======== Data section ========
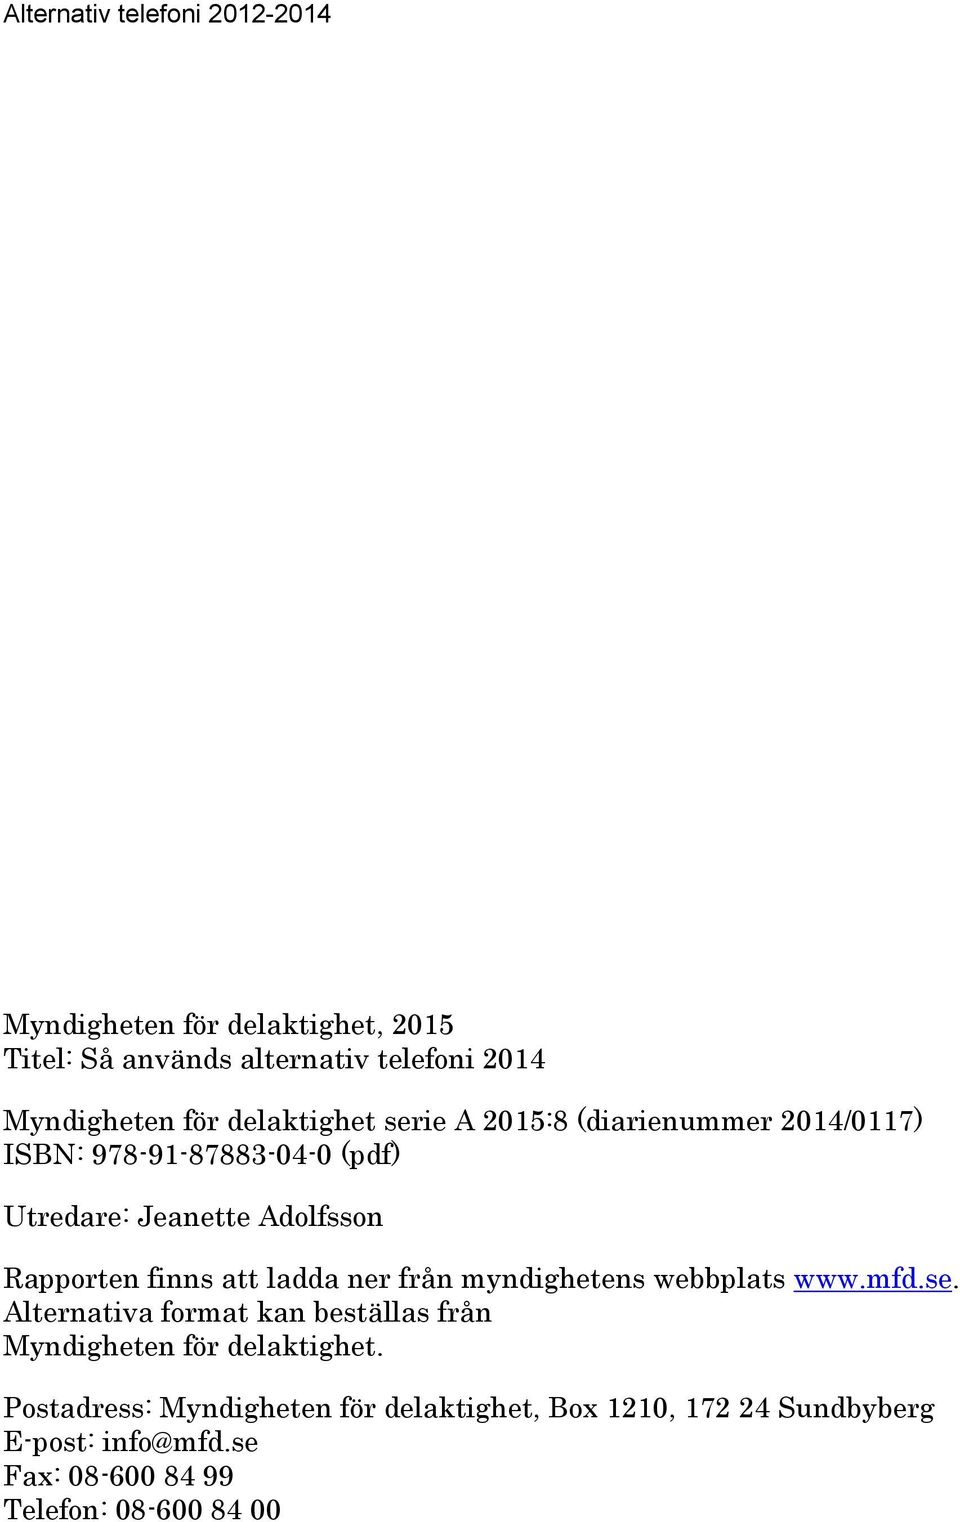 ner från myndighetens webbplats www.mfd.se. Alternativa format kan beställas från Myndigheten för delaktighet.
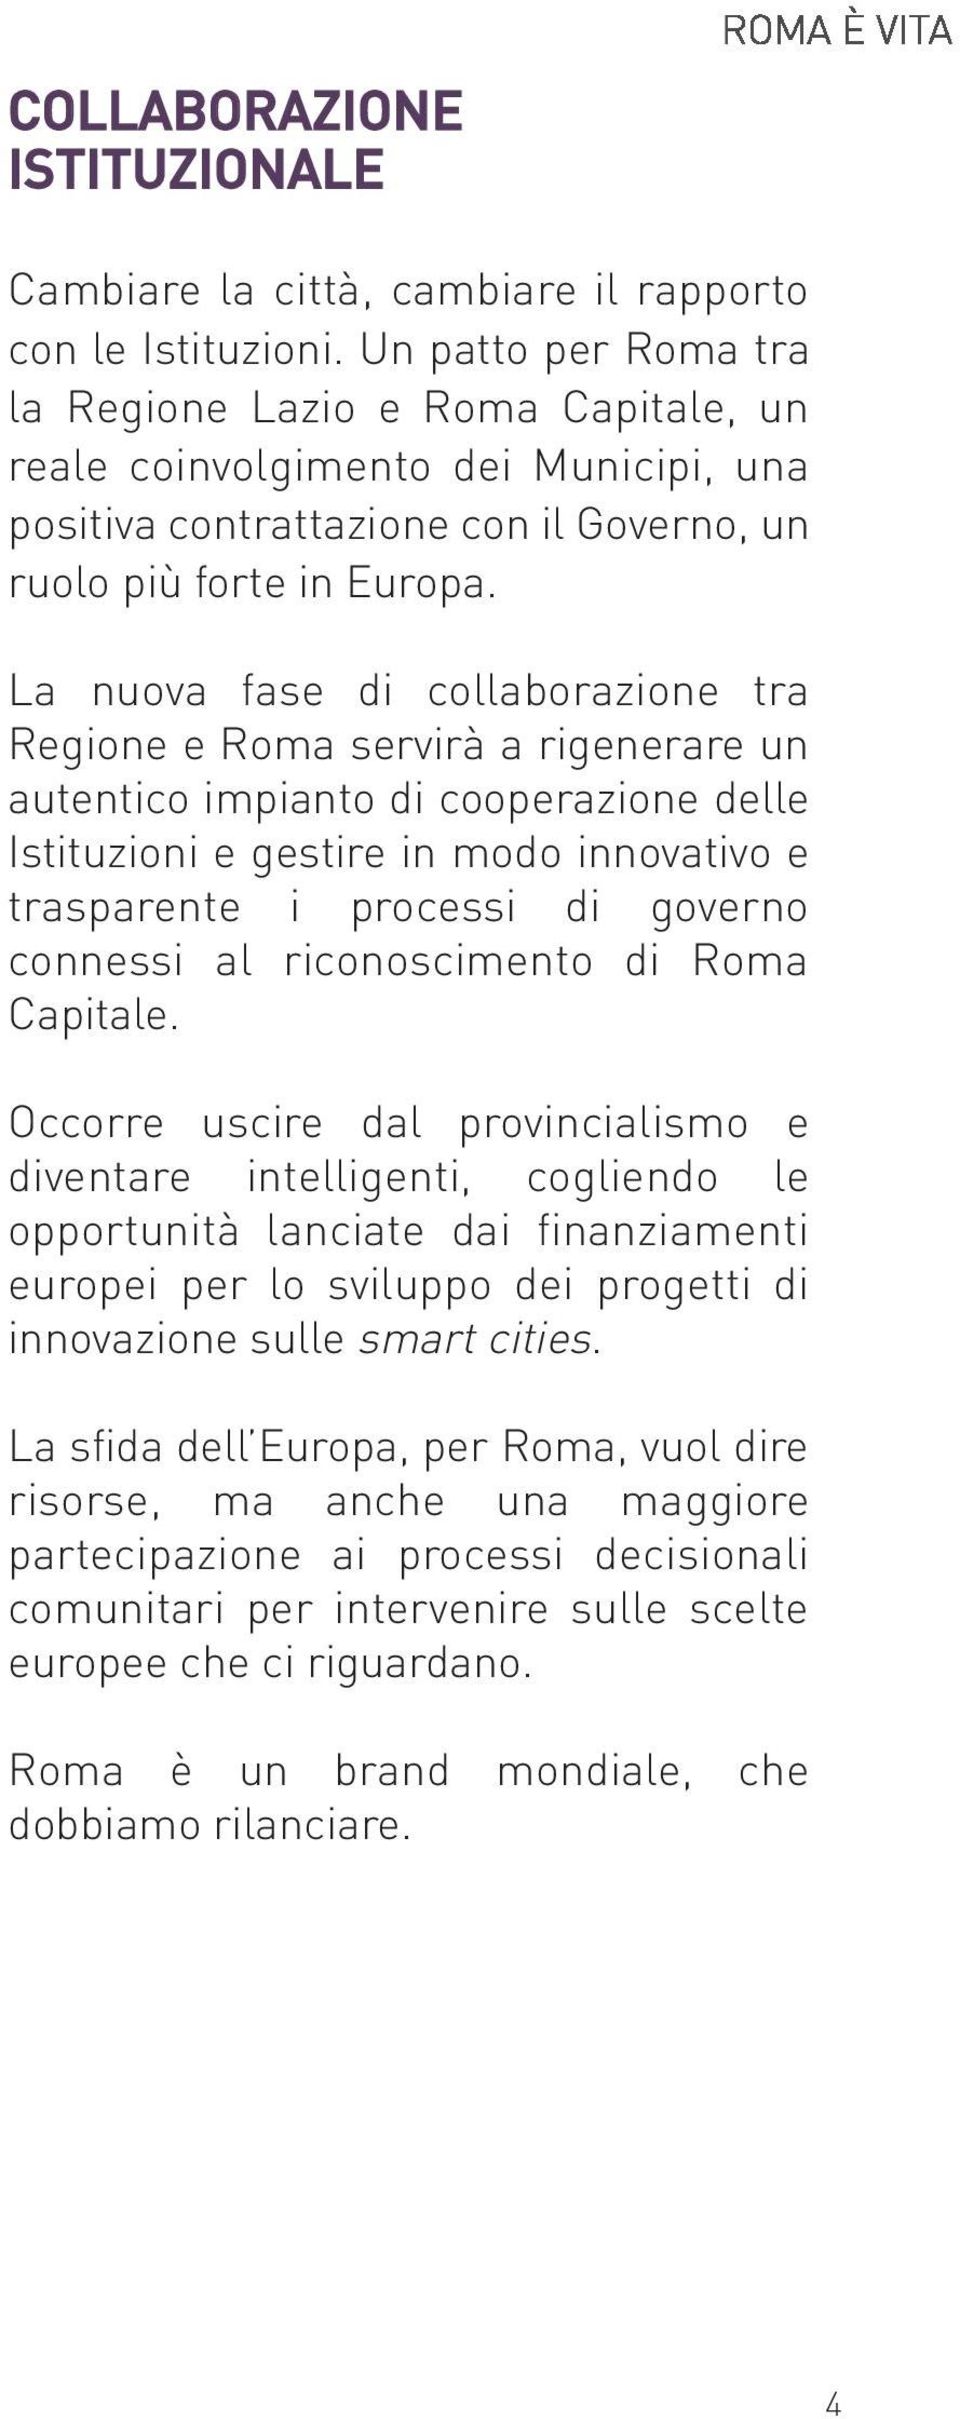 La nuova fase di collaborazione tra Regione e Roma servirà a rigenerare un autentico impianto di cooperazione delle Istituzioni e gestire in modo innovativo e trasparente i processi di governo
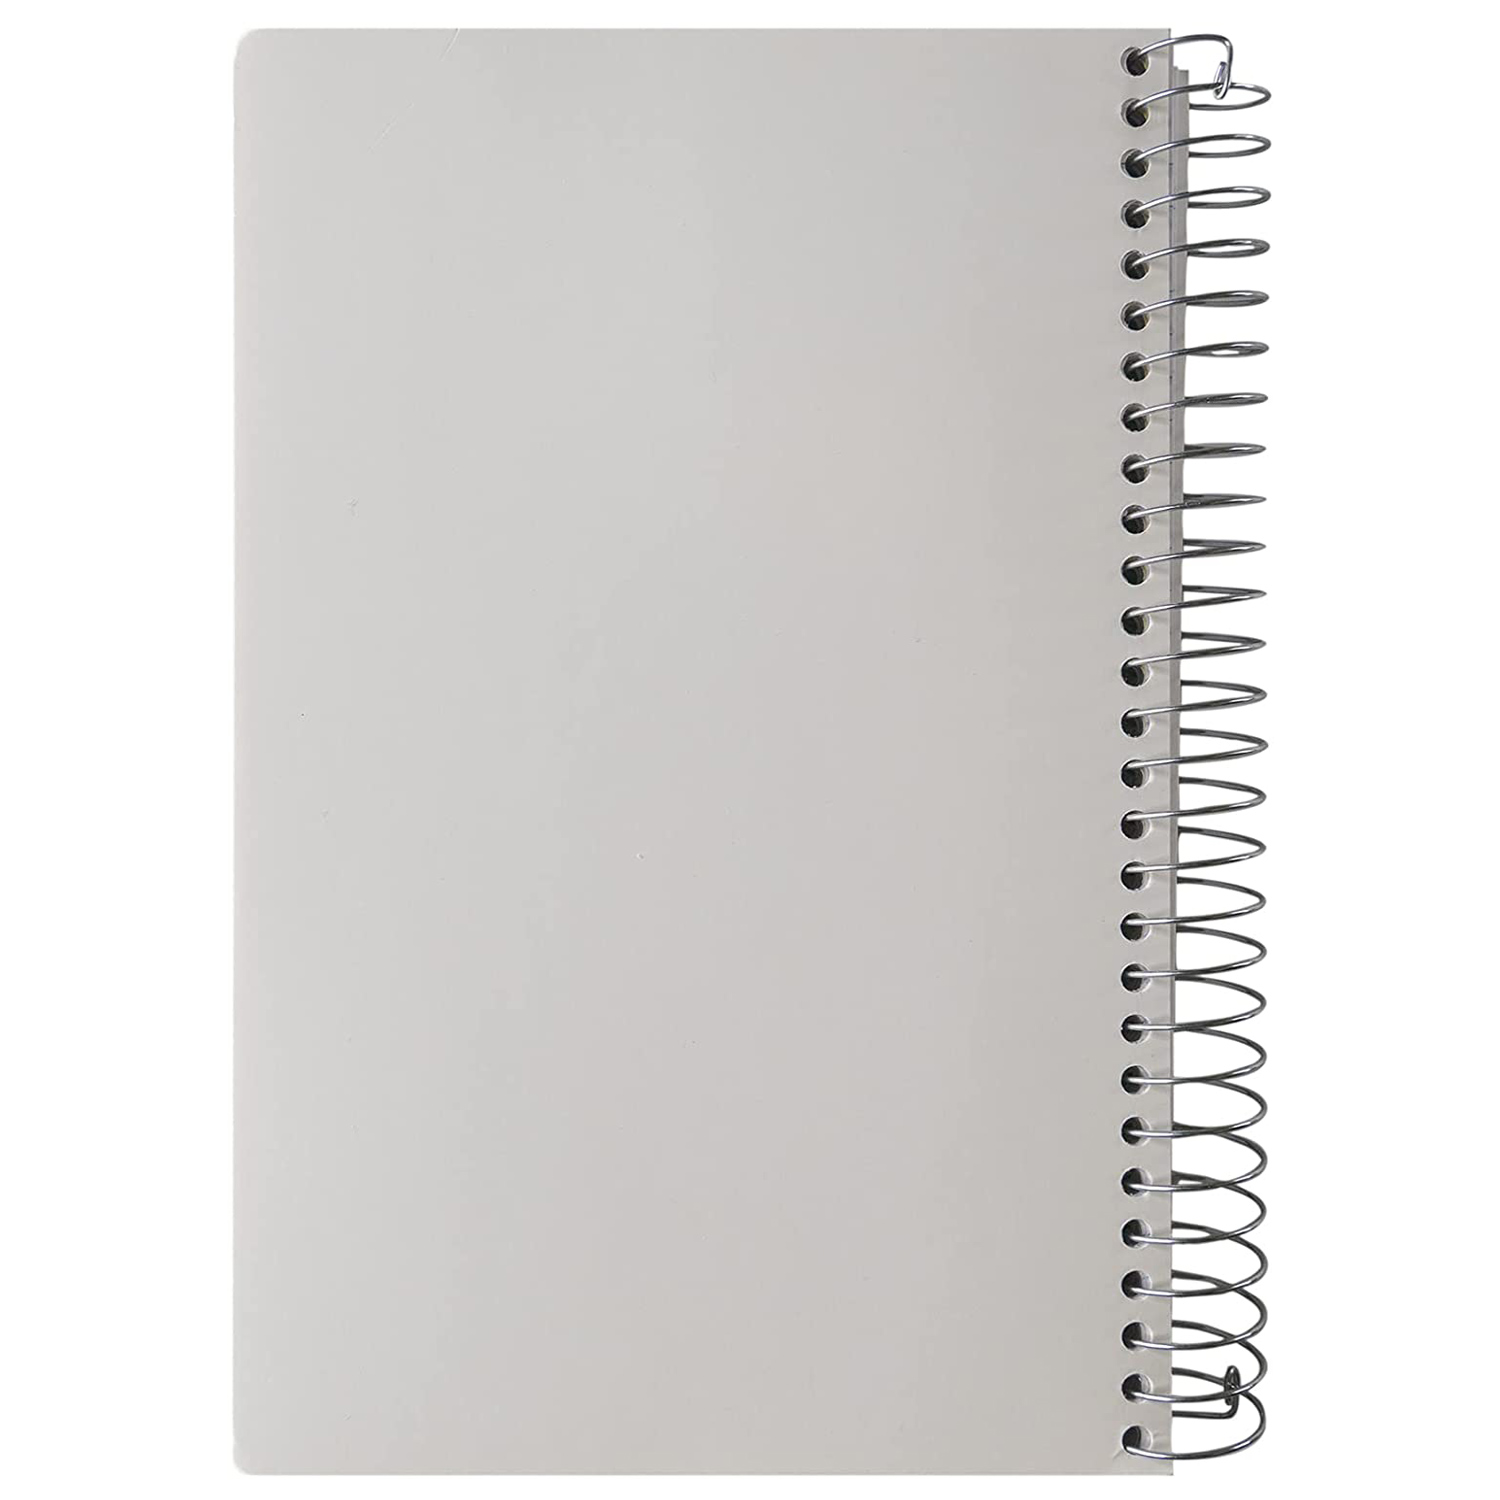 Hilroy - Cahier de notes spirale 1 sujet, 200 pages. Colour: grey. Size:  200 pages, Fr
========
Brief = Without the images, write out each line of the data verbatim.

Written solution =
 ner från myndighetens webbplats www.mfd.se. Alternativa format kan beställas från Myndigheten för delaktighet.
 La nuova fase di collaborazione tra Regione e Roma servirà a rigenerare un autentico impianto di cooperazione delle Istituzioni e gestire in modo innovativo e trasparente i processi di governo
 Hilroy - Cahier de notes spirale 1 sujet, 200 pages. Colour: grey. Size:  200 pages, Fr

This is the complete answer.